Toshiba shares dropped 8 percent after Bloomberg News reported that the U.S. Justice Department and the Securities and Exchange Commission are probing the electronics maker's accounting. U.S. authorities are scrutinizing allegations made in an internal review published last year by the Tokyo-based company, people familiar with the matter said. The report, a 334-page version of which was published in English on Toshiba’s website in December, said management was complicit in padding profits for almost seven years. It led to the resignations of top officials, including Hisao Tanaka, Toshiba’s president and chief executive officer.
Adhering to a long tradition of avoiding job cuts, Japan has kept a host of zombie companies alive. Sharp, in talks to sell itself, is potentially the best and most recent example. Airbag maker Takata, at the center of a global safety crisis, is also down 60 percent in the past year. Those betting it will fail may be indulging in wishful thinking. If things get out of hand at Toshiba, investors can be sure it will join the ranks of the Japanese corporate undead.
Over the past decade, Japan has seen fewer high profile bankruptcies than the U.S., with Japan Airlines arguably the most publicized. There were 8,812 bankruptcy filings that had a debt value of more than 10 million yen ($89,560) in Japan last year, versus 24,636 business failures in the U.S., according to data compiled by Bloomberg.

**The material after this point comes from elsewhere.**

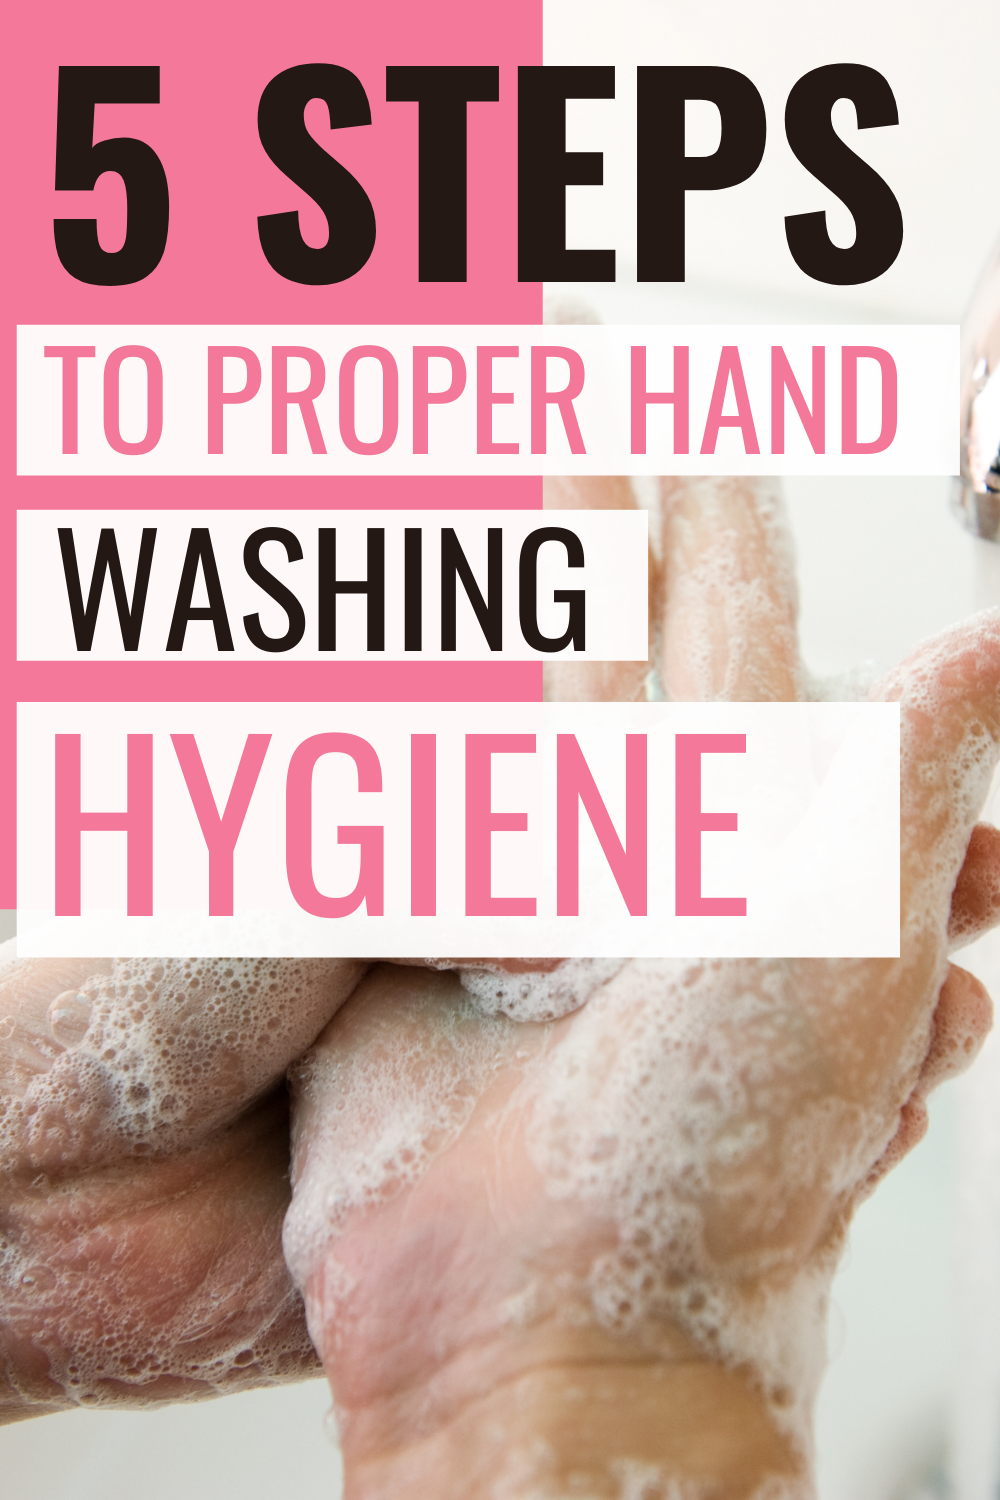 Keeping your hands clean is an important part of personal hygiene, and also helps to prevent the spread of germs and bacteria. Follow these 5 steps to handwashing, to make sure you're cleaning your hands properly.

Those who pay the price to keep Japan's zombies alive, most of the time, are banks and Japanese savers. In the West, any company being investigated for accounting issues or, as in the case of Sharp, whose survival is in question, would face a more difficult time getting financing. In Japan, lenders continue to supply the cash needed to keep lifetime jobs at large companies intact.

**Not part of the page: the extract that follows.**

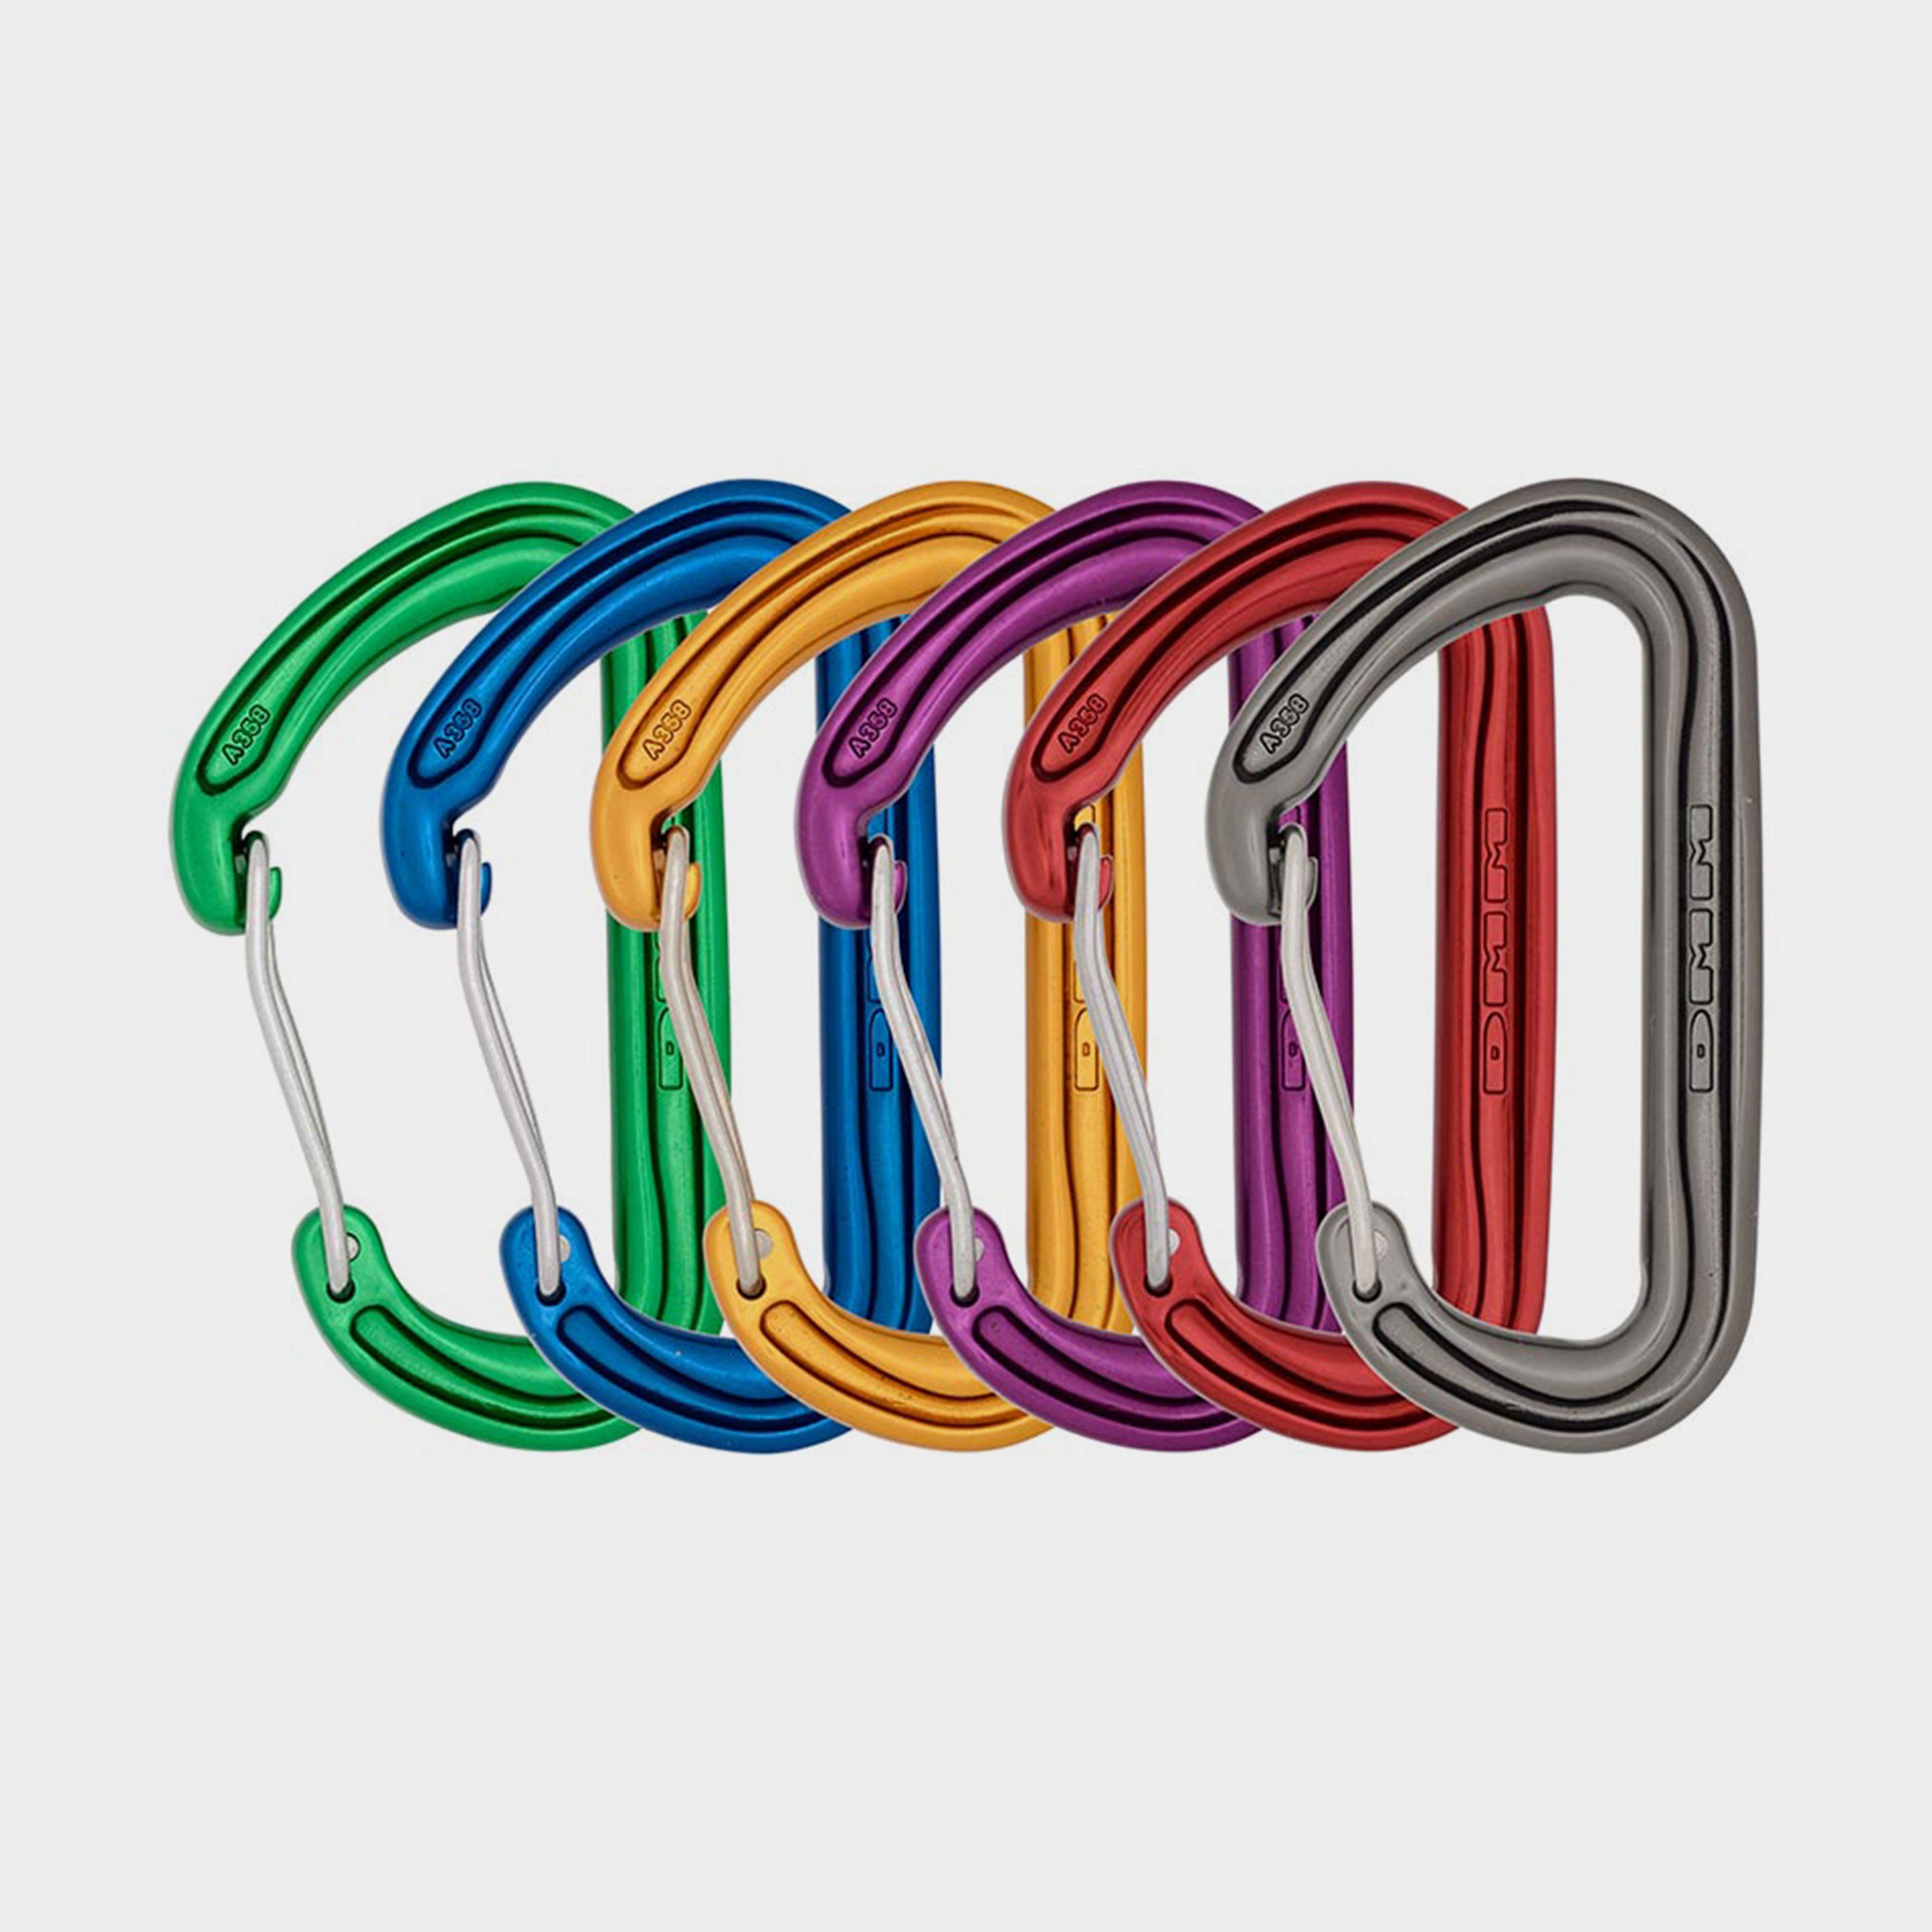 Photos - Climbing Gear DMM Spectre Quickdraw 2 6 Pack, Multi Coloured

Akio Morita, Sony's co-founder, wrote in his 1986 bestselling memoir that the concept of lifetime jobs in Japan stemmed from the common need of managers and employees to make long-term plans. Since the 1980s, markets have changed, consumers have shifted their habits and Japan has become an aging society with a shrinking population. The concept of lifetime employment remains untouched, however.

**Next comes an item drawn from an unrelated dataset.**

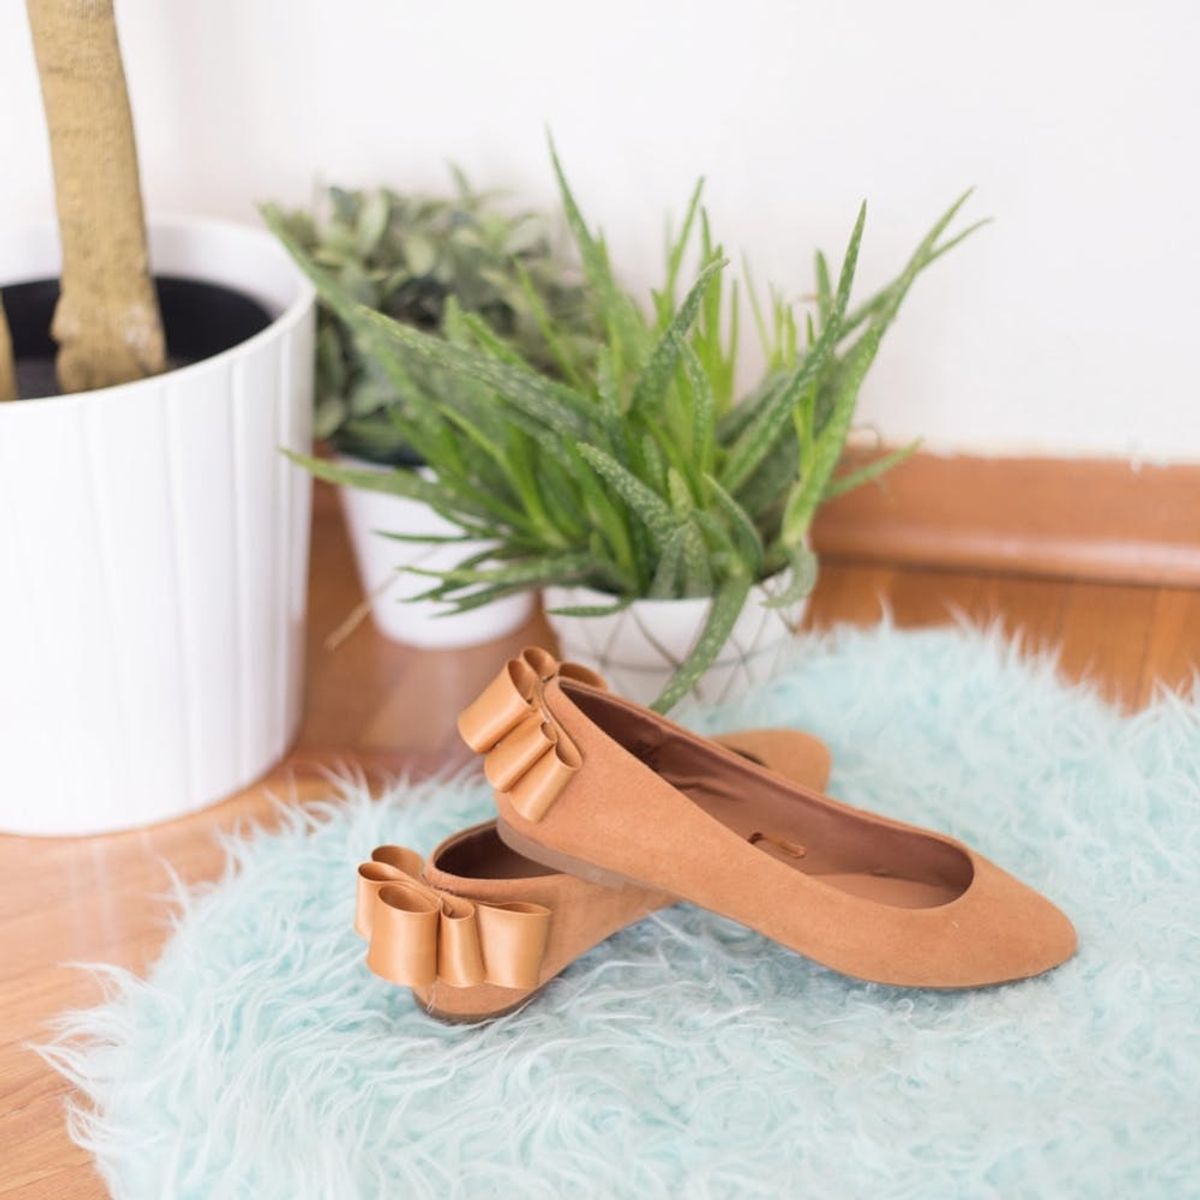 Get Ready for Springtime With These Easy DIY Nude Ballet Shoes

Whether it's a matter of allowing unprofitable companies to remain afloat or propping up a national champion in the crosshairs of foreign regulators, survival remains the imperative for Japan Inc. Toshiba -- and Takata or Sharp -- may stumble, but there will always be someone there to catch them before they fall.
With Japan's economy continuing to struggle, the existence of zombie companies shows the need for the so-called third arrow of Abenomics. Until Japan ends its lifetime jobs and no-company-left-behind policy, the country won't find its way back to sustainable growth.
This column does not necessarily reflect the opinion of Bloomberg LP and its owners.
(Corrects reference to number of bankruptcies in Japan over the past decade in fourth paragraph.)